First of all, the Obama administration is the epicenter of that conversation. The administration has exposed racism as one of the creepy things that crawl in the basement of politics, along with an array of bigotries. This is the same damp place where white and minority politicians get schooled on how to get minority votes on Sunday morning without really giving anything back to the community. It's the place where minority politicians learn to diminish themselves because being themselves alienates whites. This basement is a scary place where people may not wear white hoods, but you feel like they do.

Obama has sought to transcend race, to be race-neutral, but the racism from that basement dogs his steps. It was unrealistic to think his presidential campaign would spread enough pixie dust to transport our country into a post-racial universe at warp-speed. Too many people -- of all races -- aren't there yet. Wonderfully, a lot of people are. But while Obama's election ushered in hope that we were moving forward, our conversation isn't over. Every day we get to choose how we play it.

Right now, the conversation is mean and dirty. It's not only Reid sounding like a throwback to the white view of the 1940s when dark-skinned Hattie McDaniel was the beloved Mammy and the light-skinned Lena Horne was the beauty. It's Glenn Beck ruminating about what to call black people or Rep. Joe Wilson feeling patriotic calling Obama a liar during a joint session of Congress. It's some African Americans who cheered Obama's presidency, but who doubt he has the black muscle to tend to their issues.
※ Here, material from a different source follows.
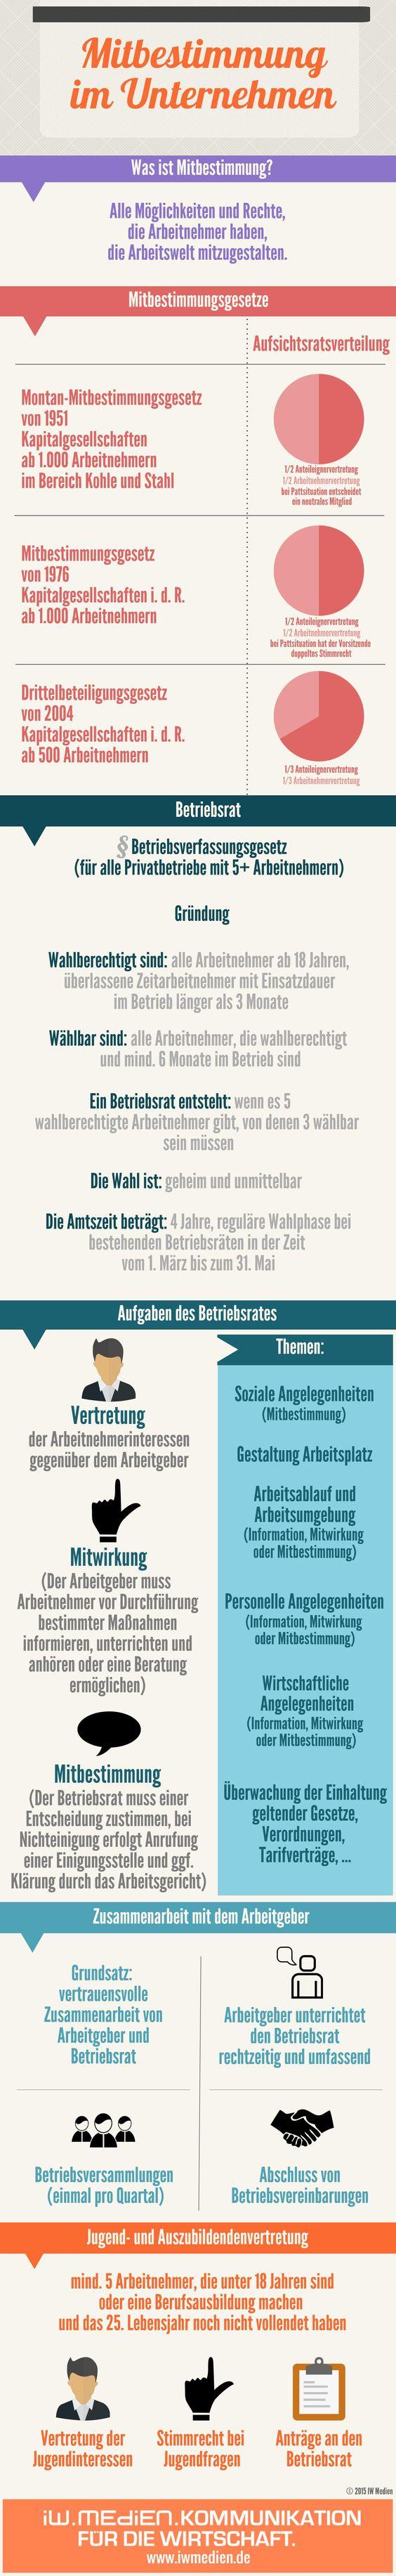 Welche Rechte und Pflichten Arbeitnehmer haben, die Arbeitswelt mitzugestalten, fasst unsere Infografik für Sie zusammen.

It's the affront of Obama being exposed to an appalling security breach and marketing firms feeling comfortable stealing his and First Lady Michelle Obama's images without permission. It's Michael Steele, a black man who challenged Reid about his race-based comments, but who himself was served up as GOP chair to show some love to African Americans, and who recently insulted Native Americans by using a pejorative term. It's the media treating Hawaii, Obama's home, as exotic territory because the president vacations there.

Obama experiences the bulk of our collective racial angst because he is a light-skinned Jackie Robinson. He has to weather the trashy attacks while he breaks barriers for the entire country at home plate. Certainly Obama must be held accountable for his leadership missteps, just as he is celebrated for his hopeful ambitions. Loudly criticize him about his handling of the economy, challenge him about keeping his campaign promise to have a public discussion about health care, but refuse to let those issues swim in the inky waters of race. Those issues are about his leadership, not his ancestry. His failures and successes aren't color-coded.

We would be a lot healthier as a nation if we acknowledge how we dump our lingering racial issues on Obama's shoulders. If we are humble enough to do that, both he and the rest of the country may get a lot further along in our ongoing conversation about race.